Stoic Times

May 29, 2026

Hungary Showed How to Defeat an Autocrat

Hungarian Opposition Wins Budapest in a Landslide. Democracies Have Come Back Before.

Hungary's municipal elections saw a significant opposition victory, with reformist candidates defeating candidates aligned with Prime Minister Viktor Orbán's ruling Fidesz party — most notably in Budapest. The results are being widely interpreted as a meaningful blow to Orbán's consolidation of power, which has drawn sustained criticism from the EU and democratic watchdog organizations over more than a decade.

Orbán has held power since 2010, and Hungary has been repeatedly cited by Freedom House and V-Dem as a democratic backslider — often called the EU's first "electoral autocracy." Yet municipal elections have long remained a relative bright spot for Hungarian opposition forces: Budapest's mayor Gergely Karácsony defeated a Fidesz candidate in 2019, showing that local contests operate under different dynamics than national ones. Historical parallels are instructive: Poland's PiS party — another illiberal governing movement — was defeated at the ballot box in late 2023 after 8 years in power. Before that, democratic backsliding in Slovakia was reversed through elections in 2023. The pattern suggests that electoral authoritarianism, while durable, is not permanent — and that municipal and civil society resistance often precedes national change.

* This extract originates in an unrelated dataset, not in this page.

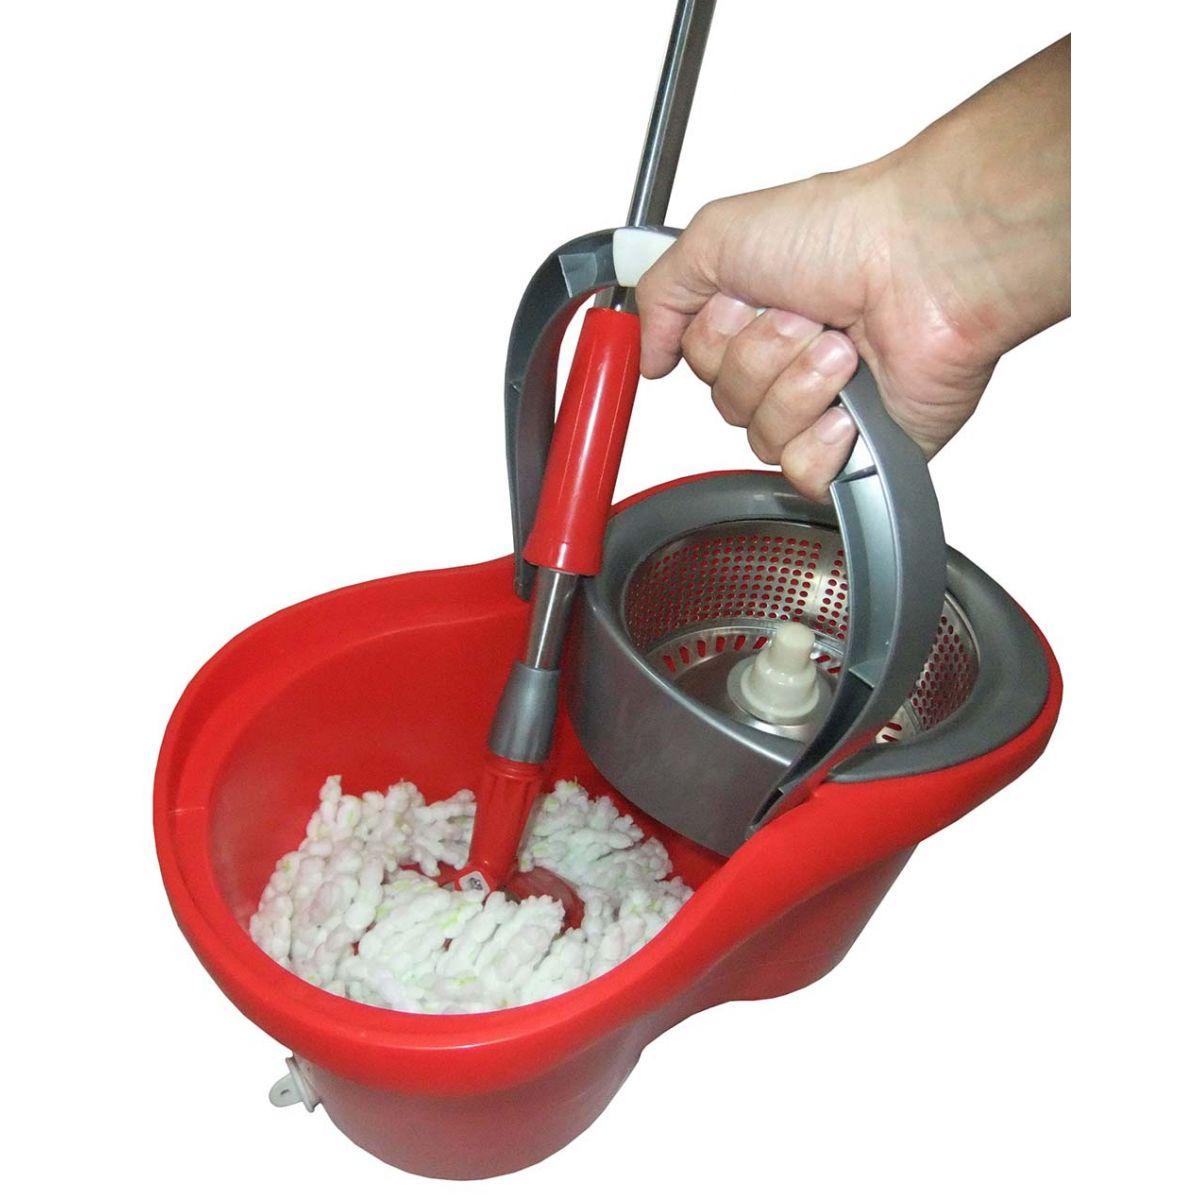 Balde Inox Casa Esfregao De Limpeza Mop Centrifuga Com Rodas Vermelho e Cinza (bsl-mop-3)
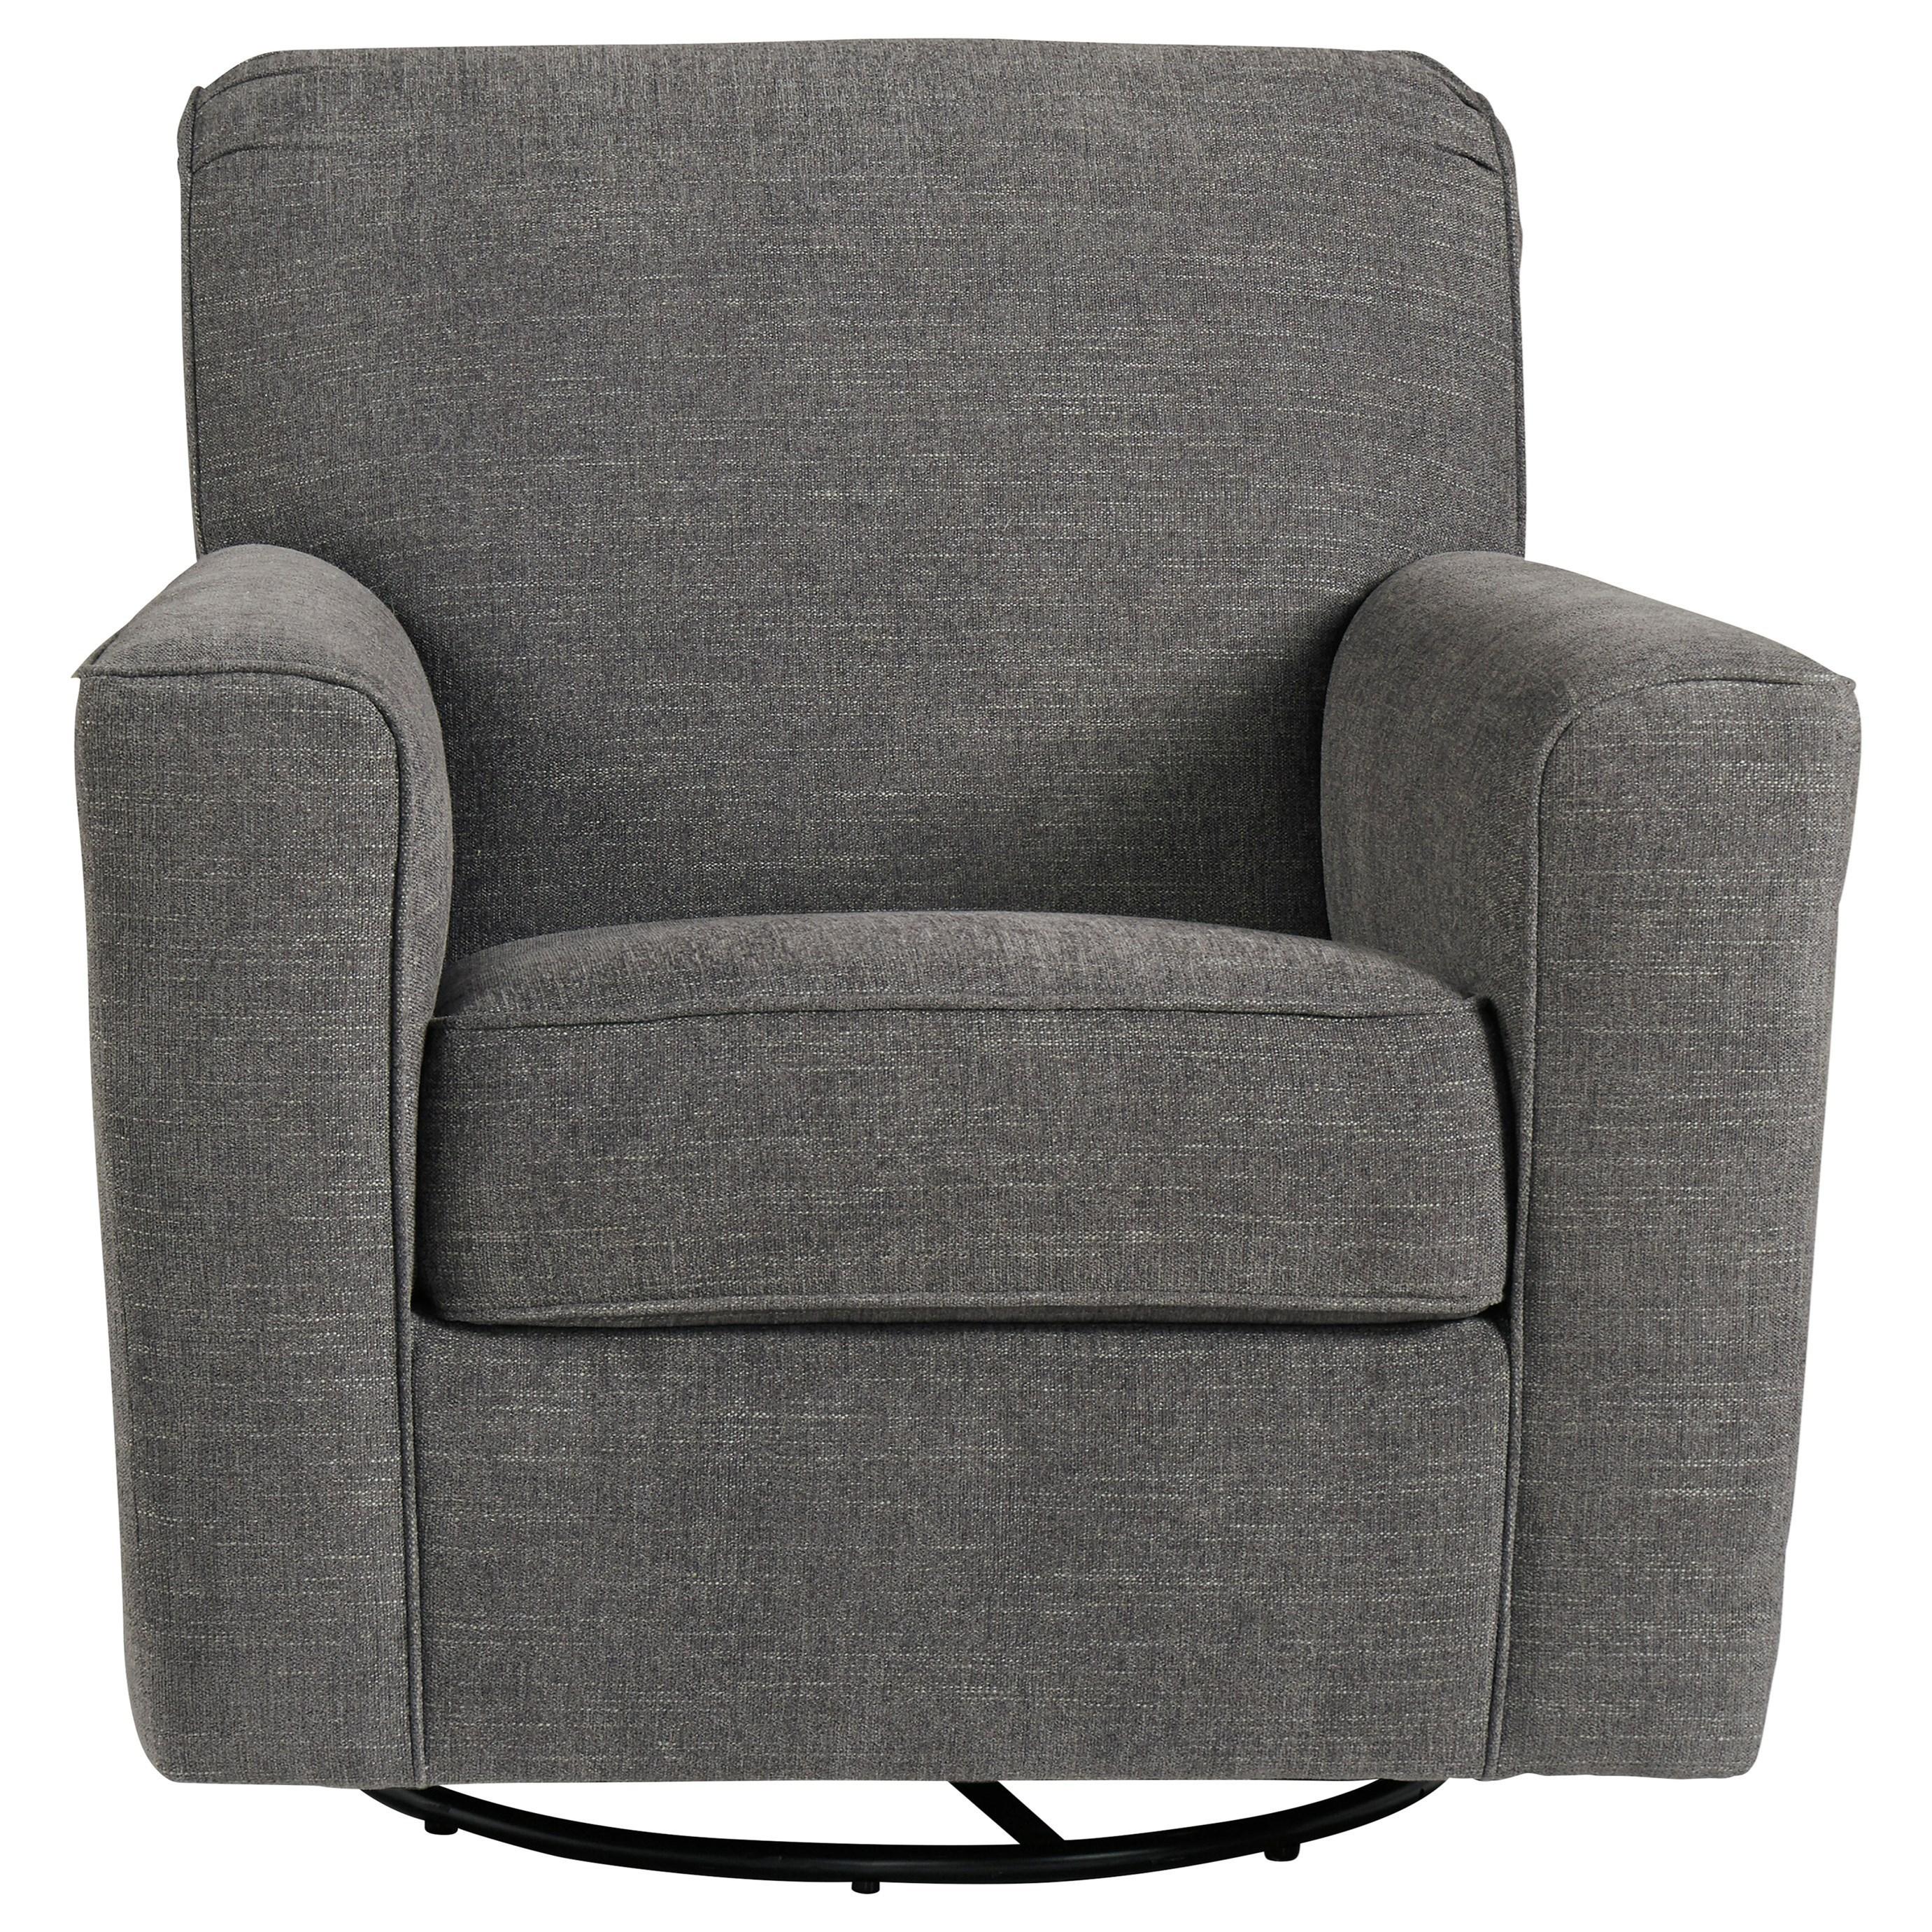 Alcona Swivel Glider Accent Chair

Whether you study the specific tactics used — opposition unity, local organizing, voter turnout drives — if democratic resilience in your own country is a concern. Whether you follow Hungarian civil society organizations doing this work, if you want to support it directly.

Awareness, with optional depth. This is genuinely instructive for anyone interested in democratic resilience — not just in Hungary, but as a case study. The NY Times framing ("showed how") promises more lessons than a single election can deliver, so read critically. No action required unless democracy in your own context is something you're actively working on.